BEGIN

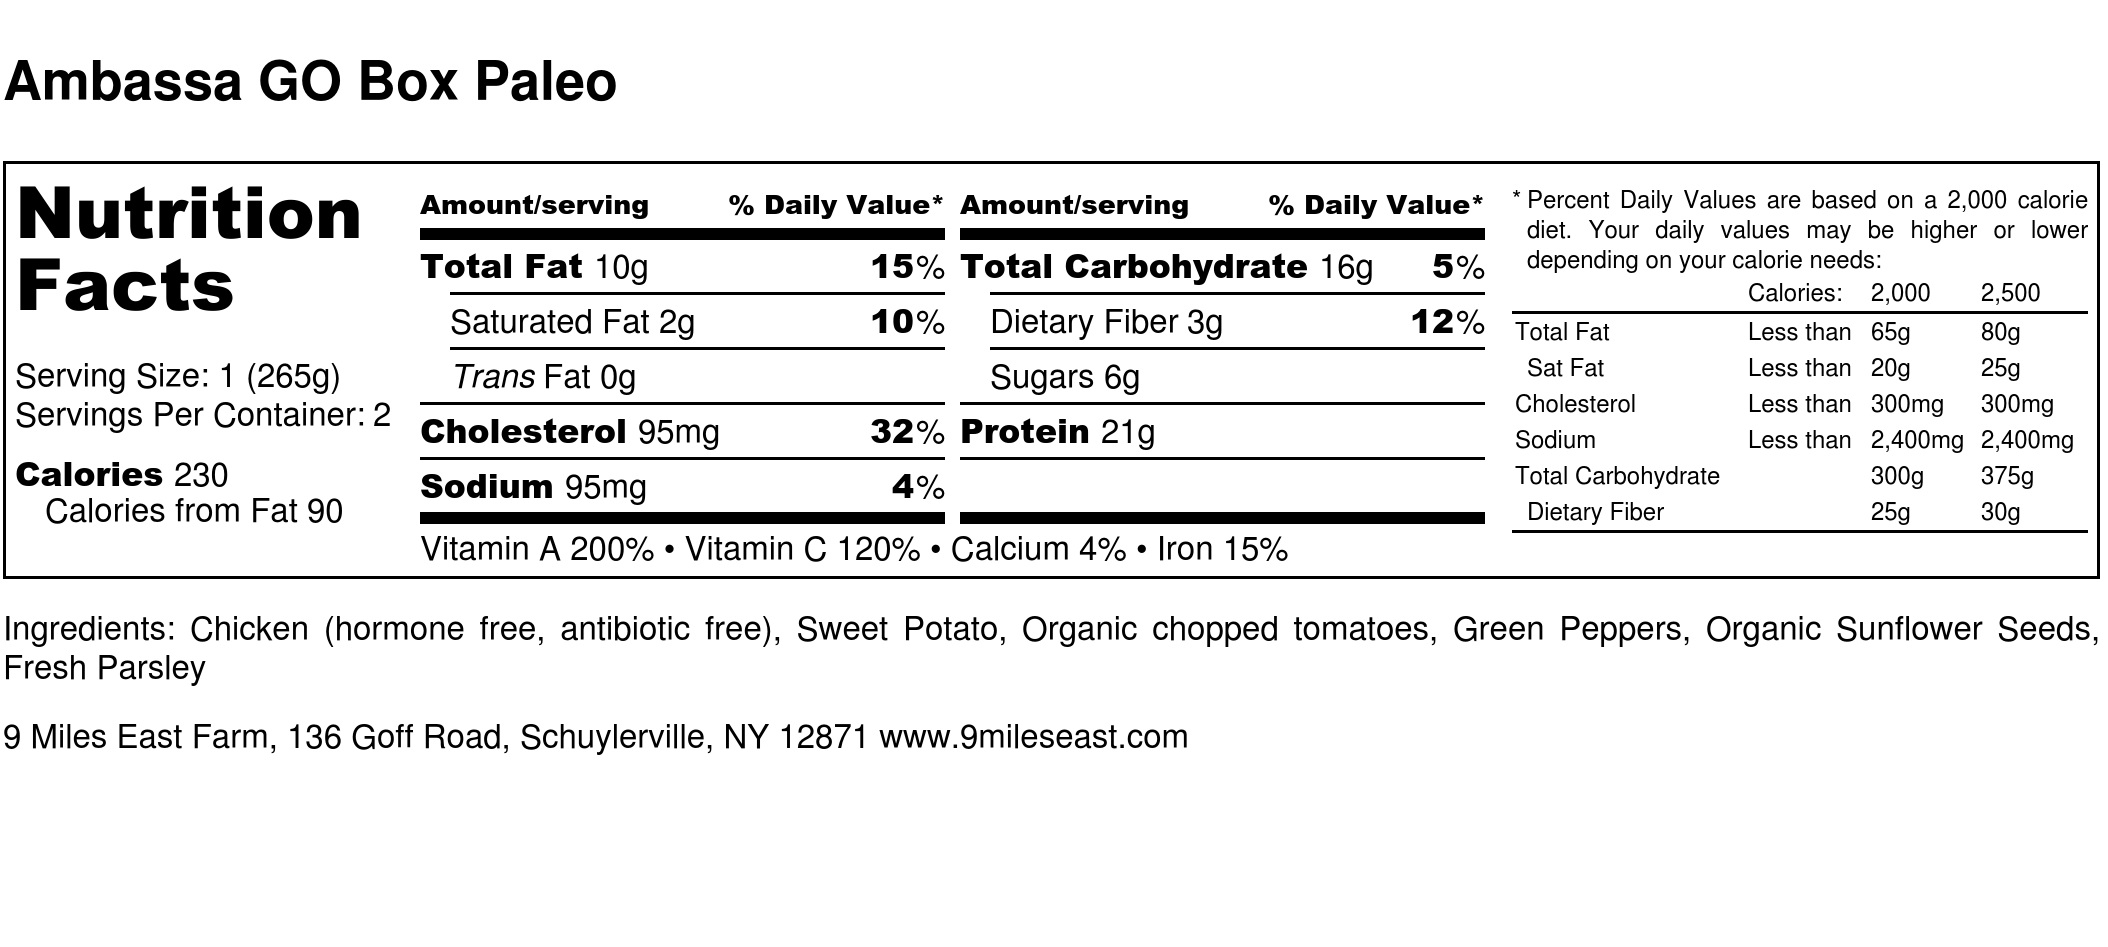 Ambassa GO Box Paleo - Nutrition Label.jpg
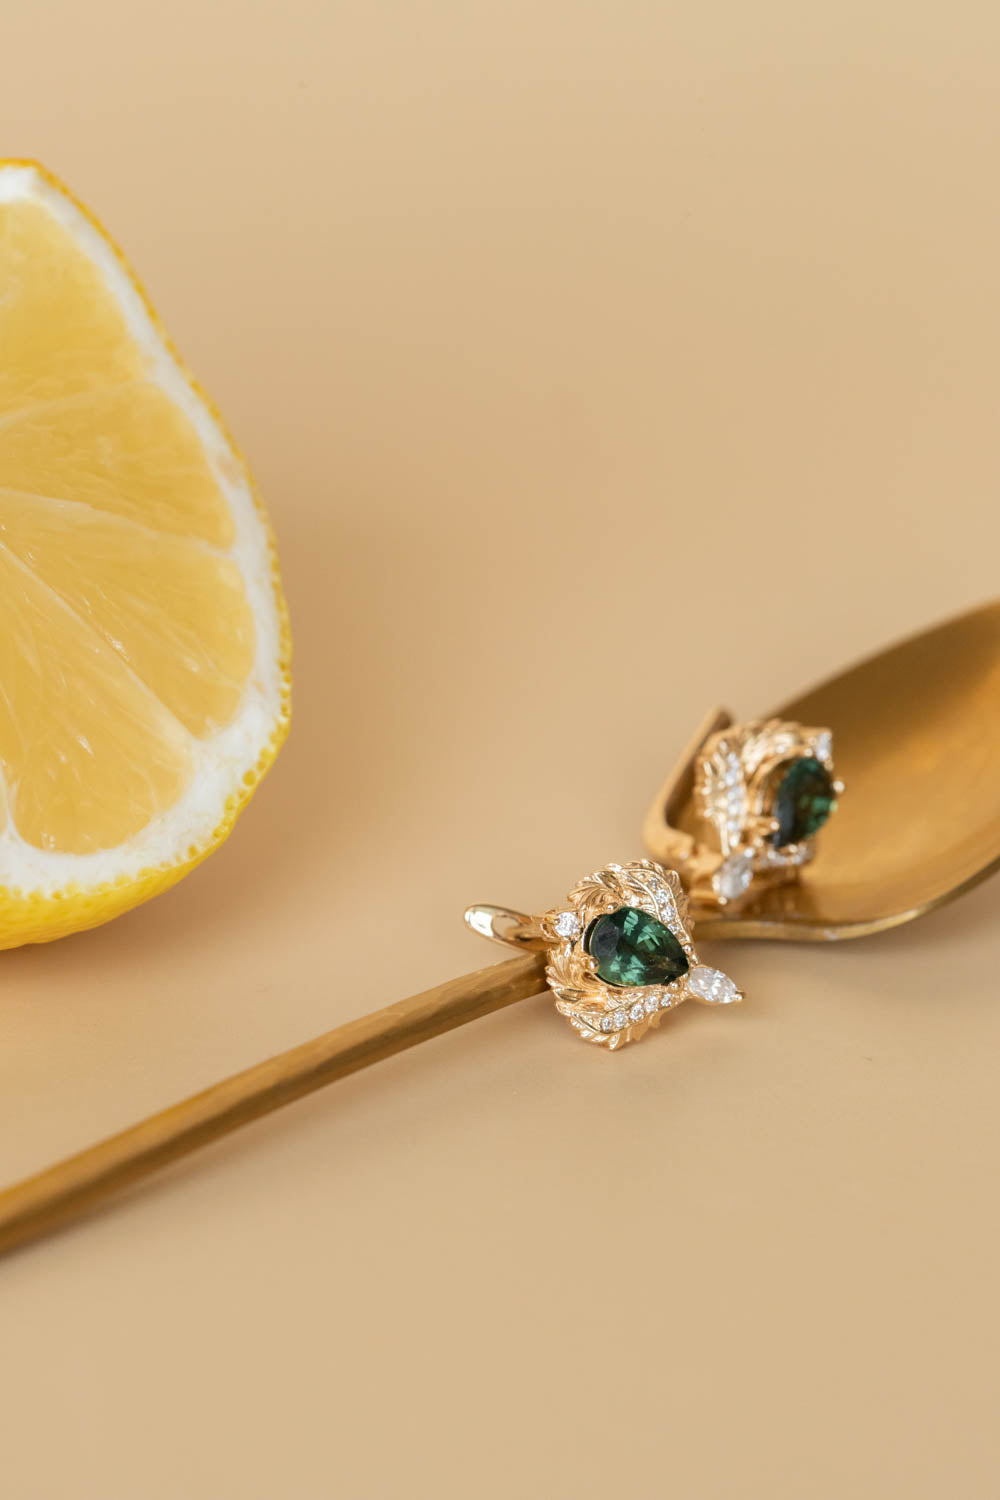 Green sapphire earrings, nature inspired earrings with diamonds / Adonis earrings - Eden Garden Jewelry™
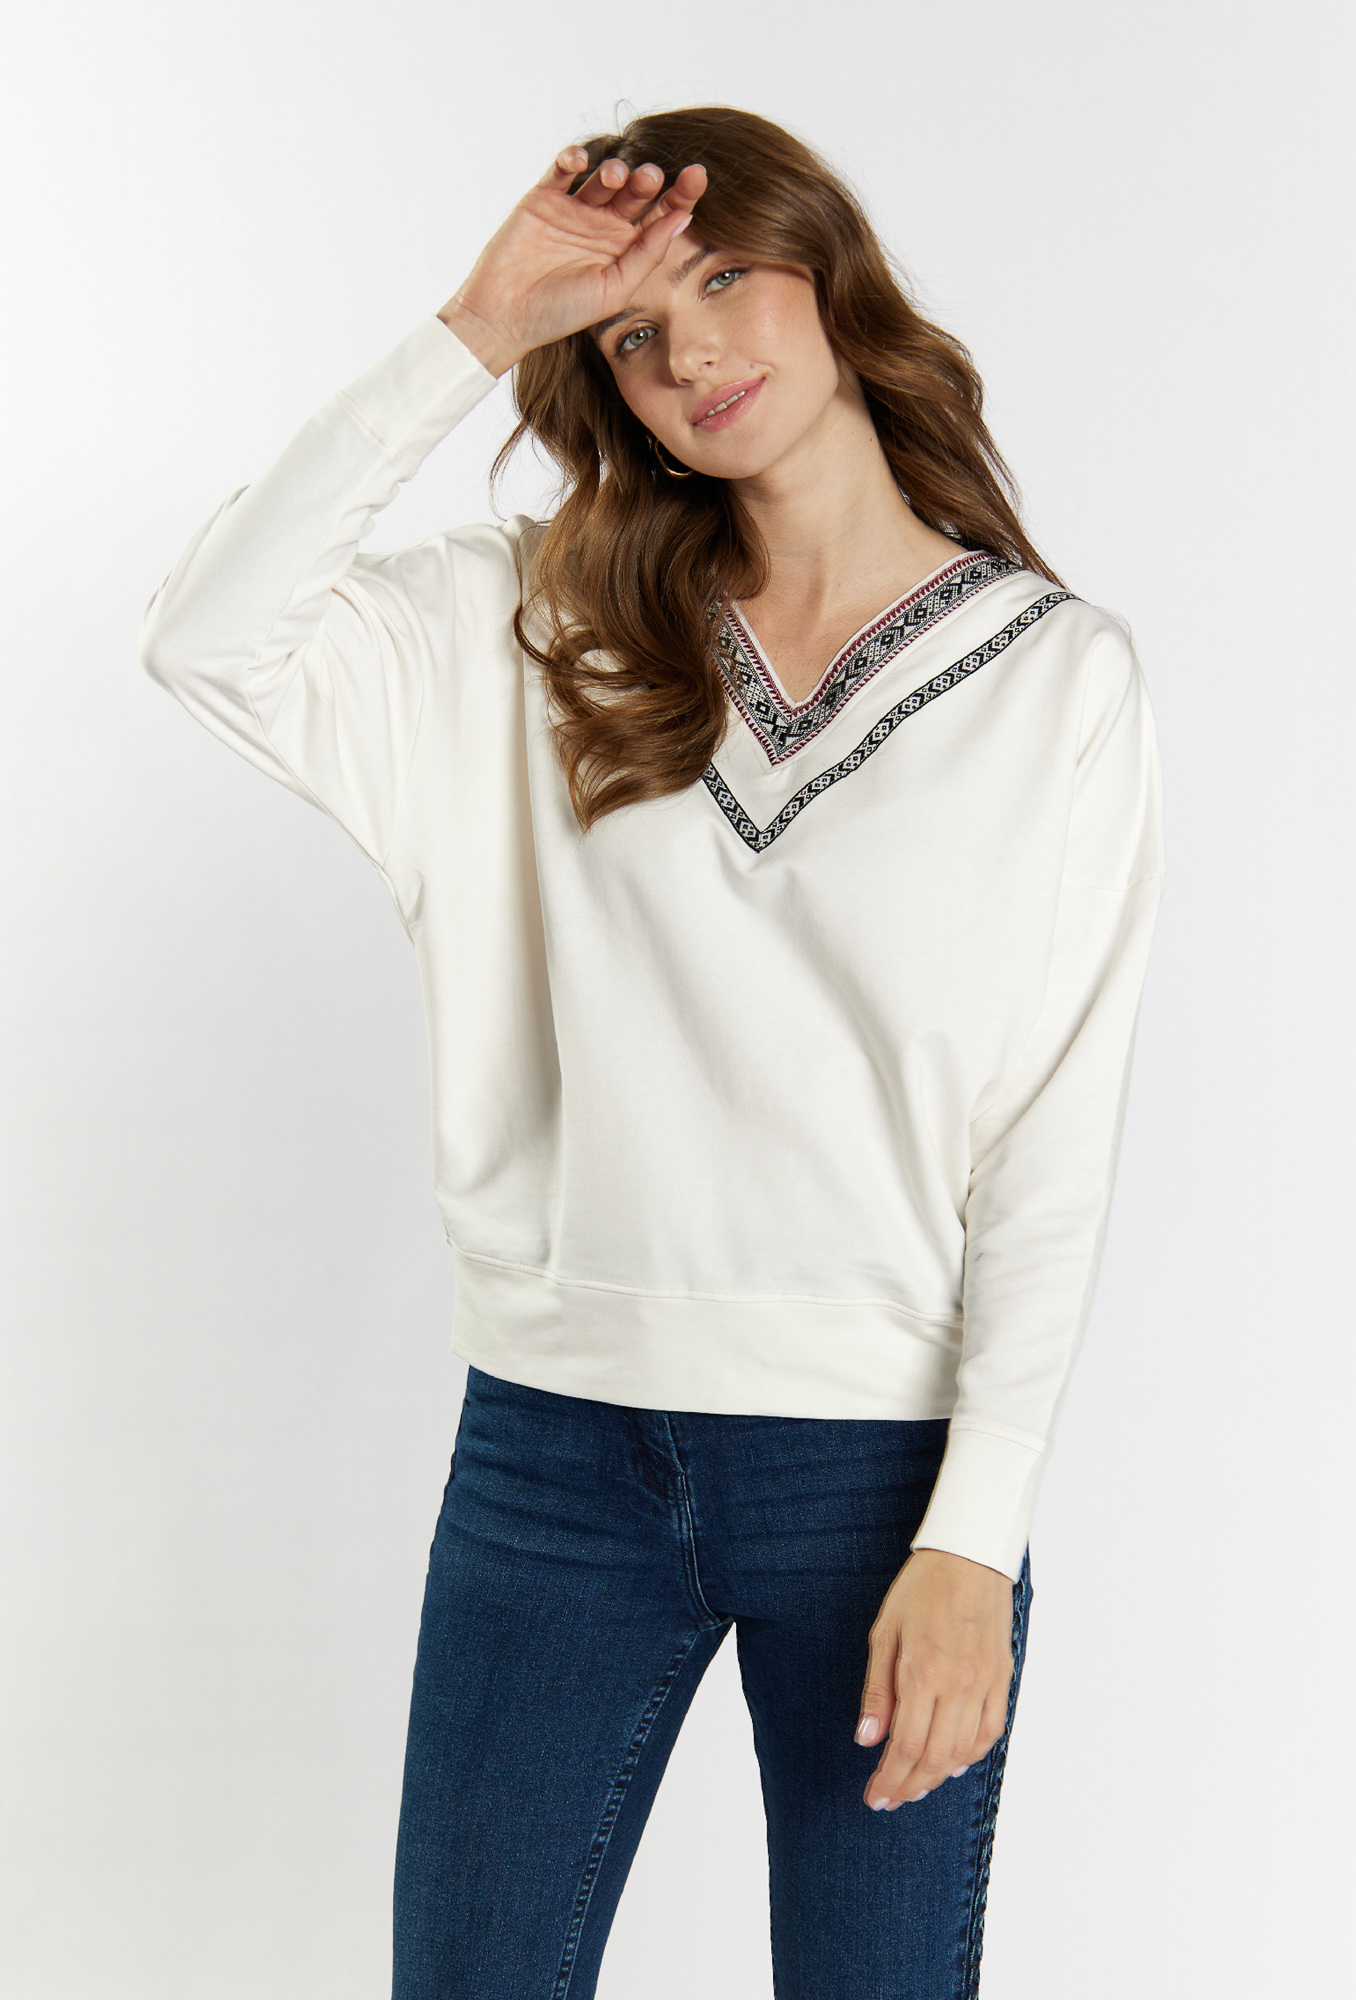 MONNARI Woman's Sweatshirts Cotton Sweater
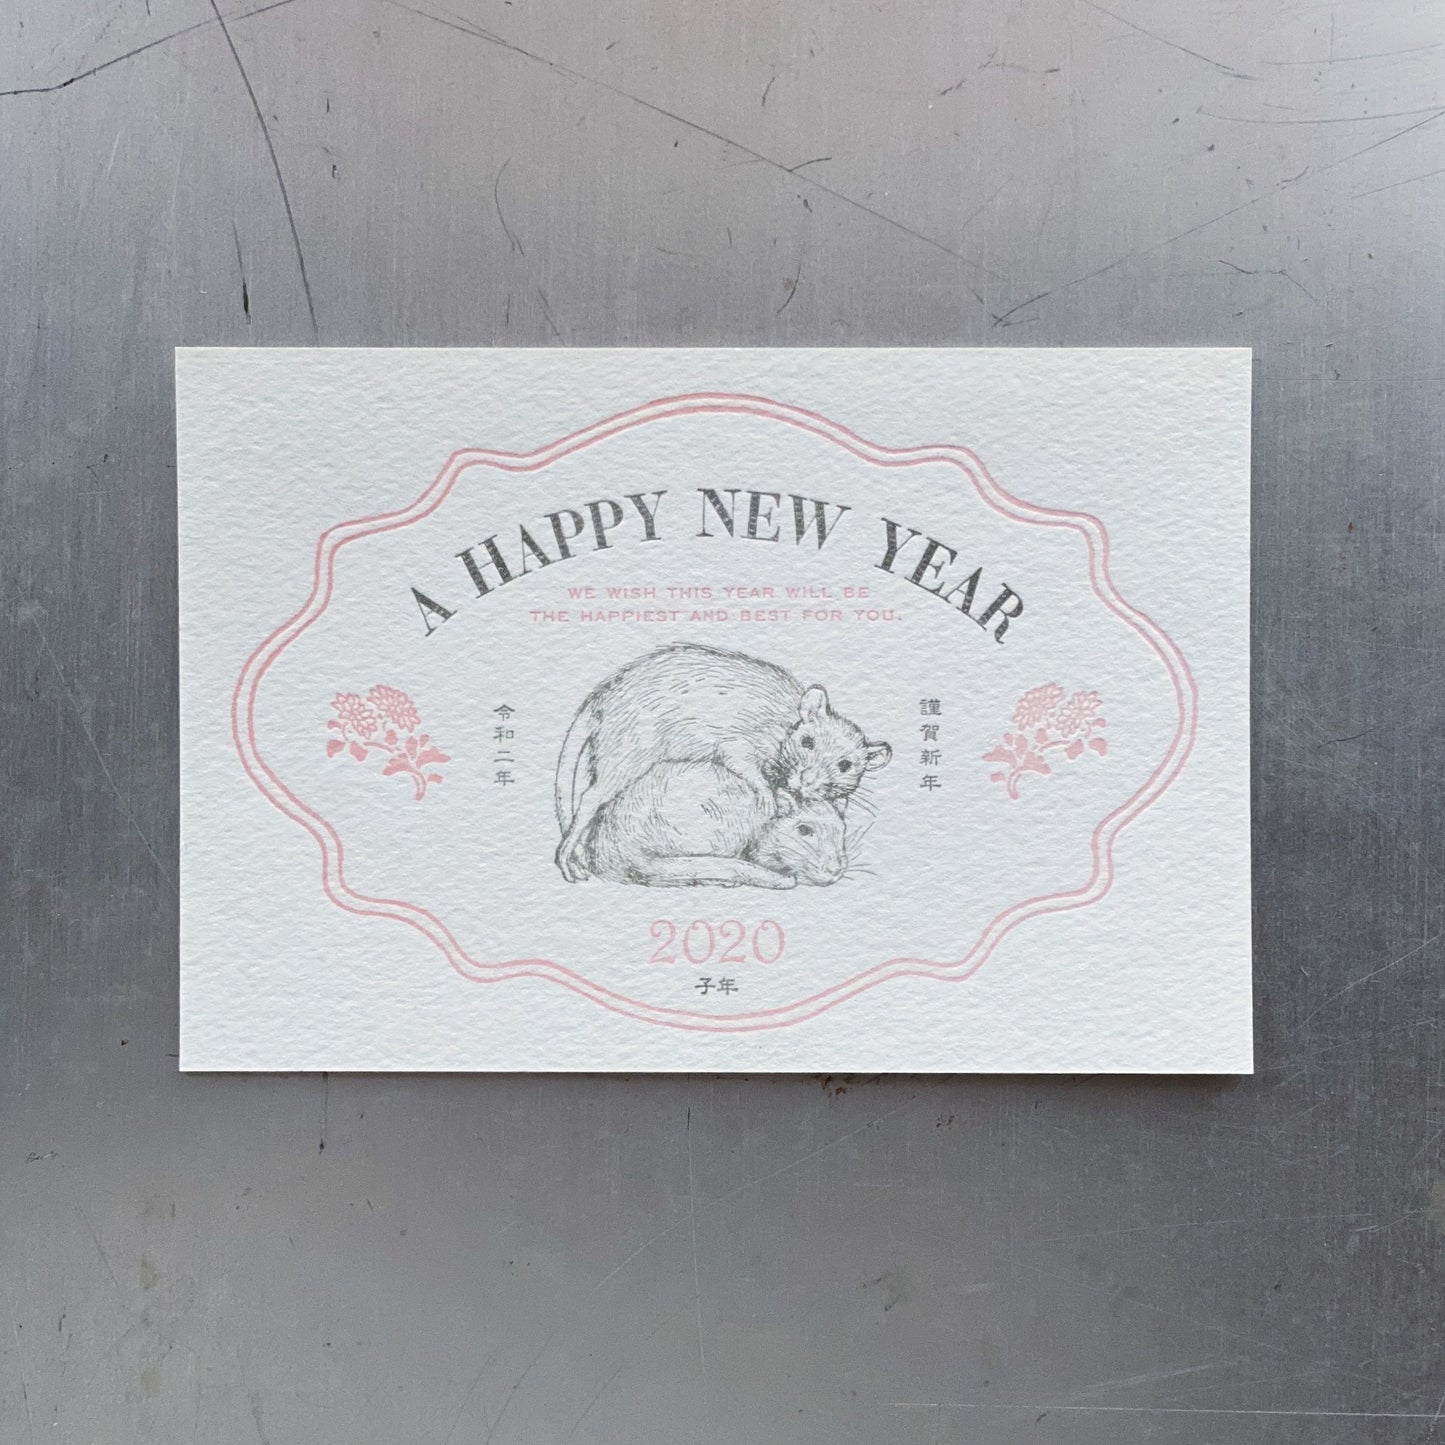 NEW YEAR CARD

END

[What you have to do]: Reproduce the full listing faithfully, but do not carry over any pictures.

[Written solution]:
 Ambassa GO Box Paleo - Nutrition Label.jpg
 Green sapphire earrings, nature inspired earrings with diamonds / Adonis earrings - Eden Garden Jewelry™
 MONNARI Woman's Sweatshirts Cotton Sweater
 NEW YEAR CARD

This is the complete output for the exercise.